For the listing that follows, give again exactly the lines from the one with "J bass. Yamaha" to the one with "Melbourne Capital Group", including both.
Excerpted records section start
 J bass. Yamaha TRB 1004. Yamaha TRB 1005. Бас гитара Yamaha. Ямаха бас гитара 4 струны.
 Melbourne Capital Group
Excerpted records section end
Excerpted records section start
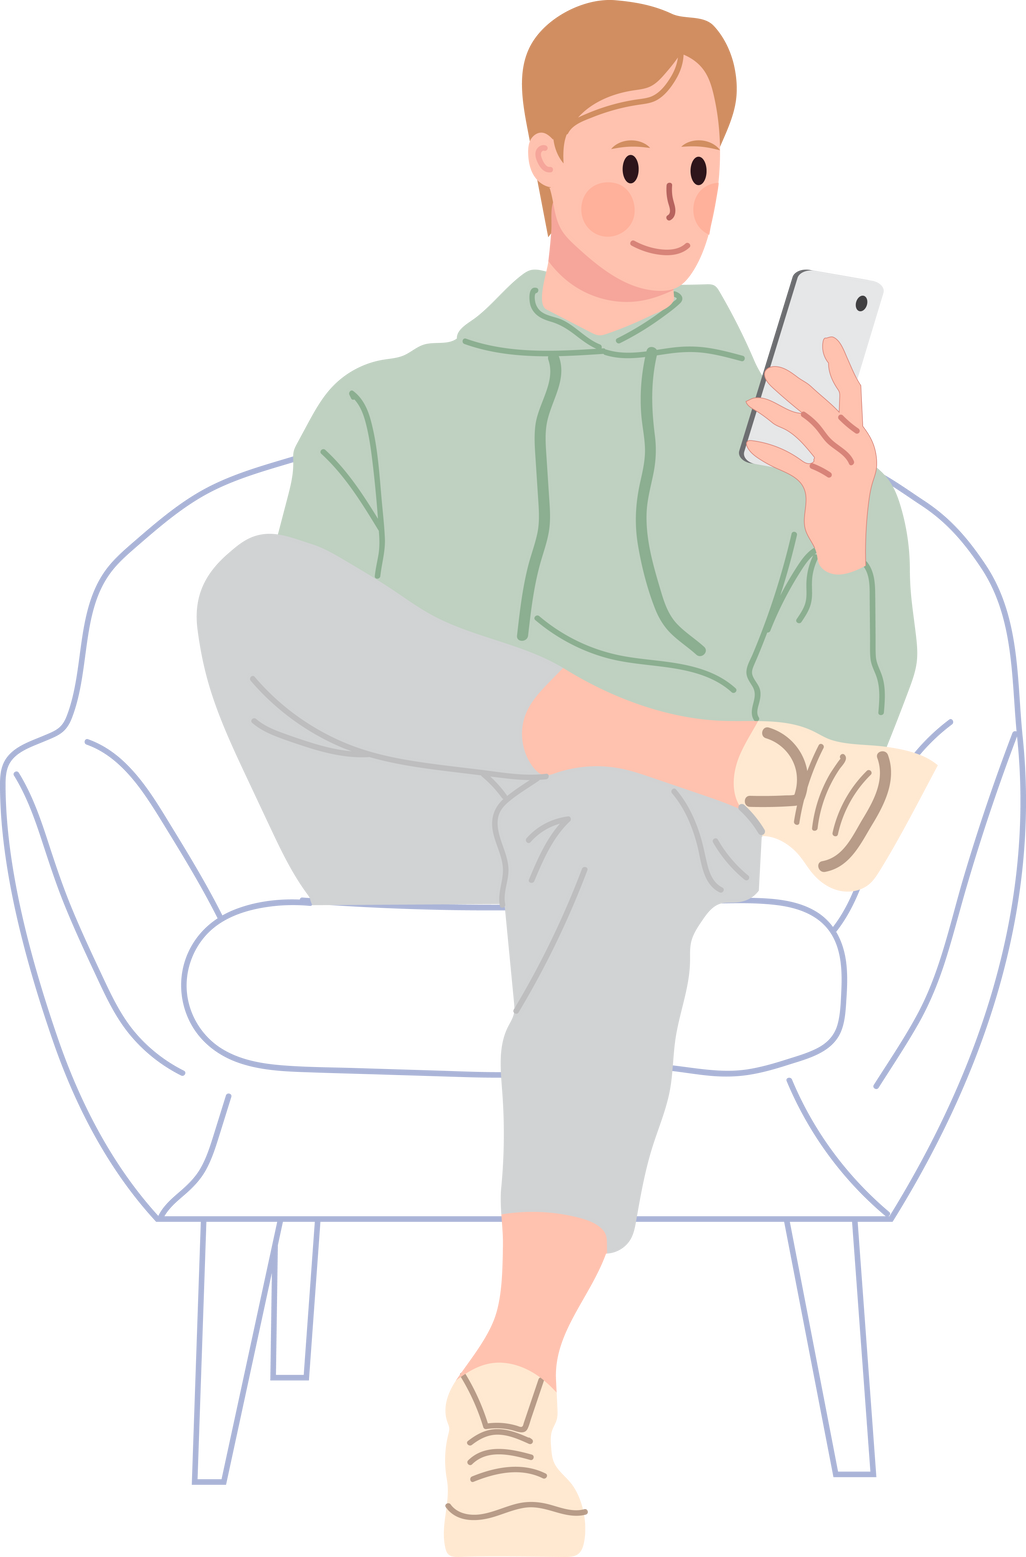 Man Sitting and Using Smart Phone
Excerpted records section end
Excerpted records section start
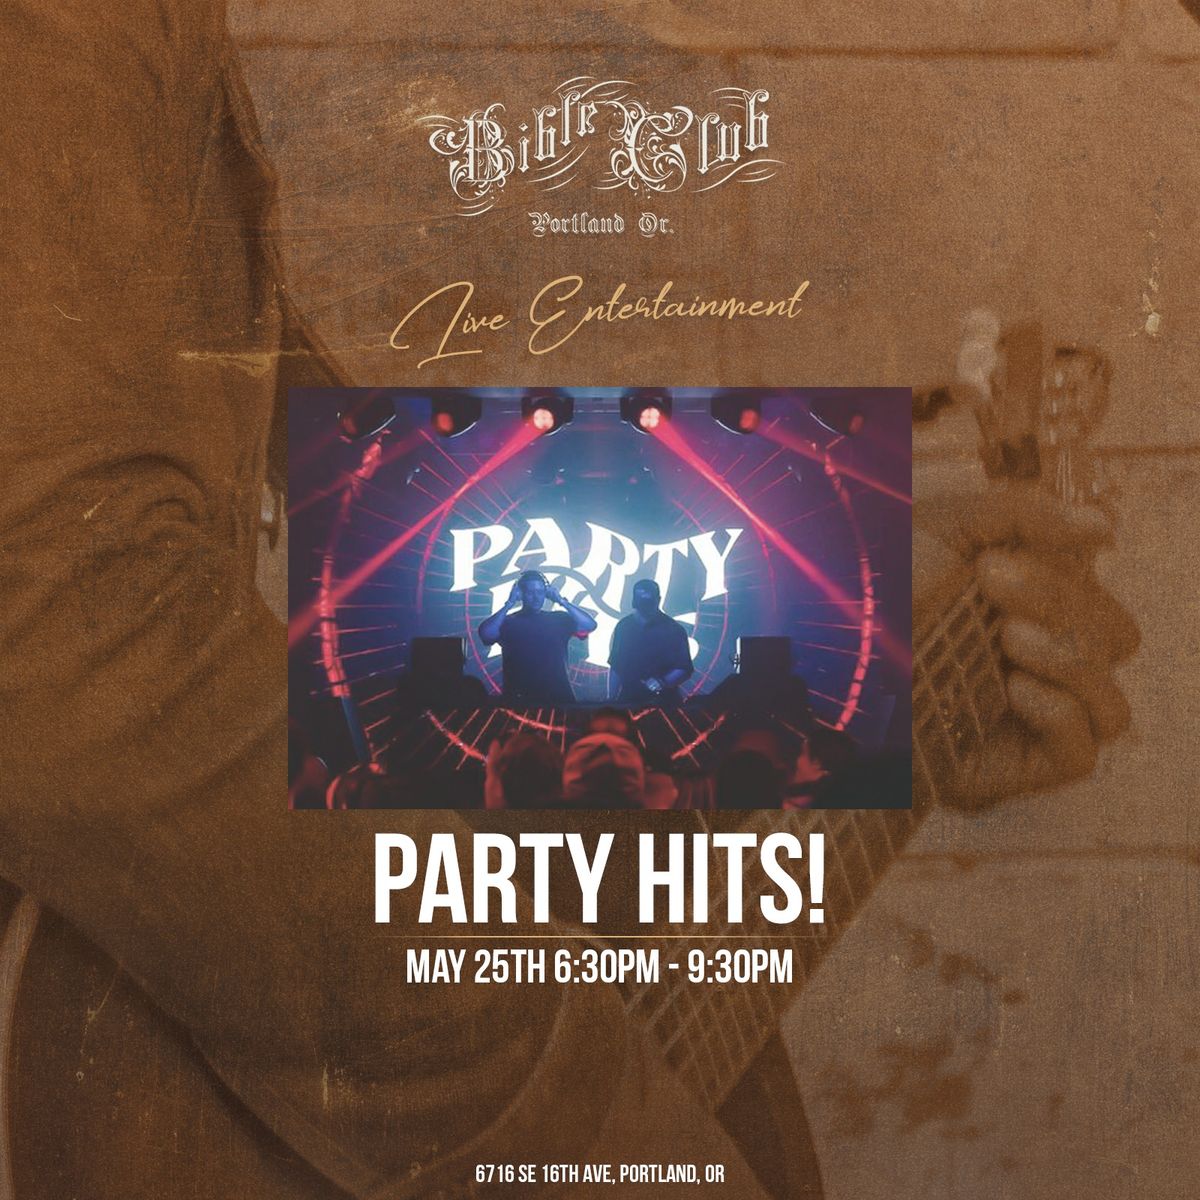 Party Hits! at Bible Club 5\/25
Excerpted records section end
Output for this exercise:
 J bass. Yamaha TRB 1004. Yamaha TRB 1005. Бас гитара Yamaha. Ямаха бас гитара 4 струны.
 Melbourne Capital Group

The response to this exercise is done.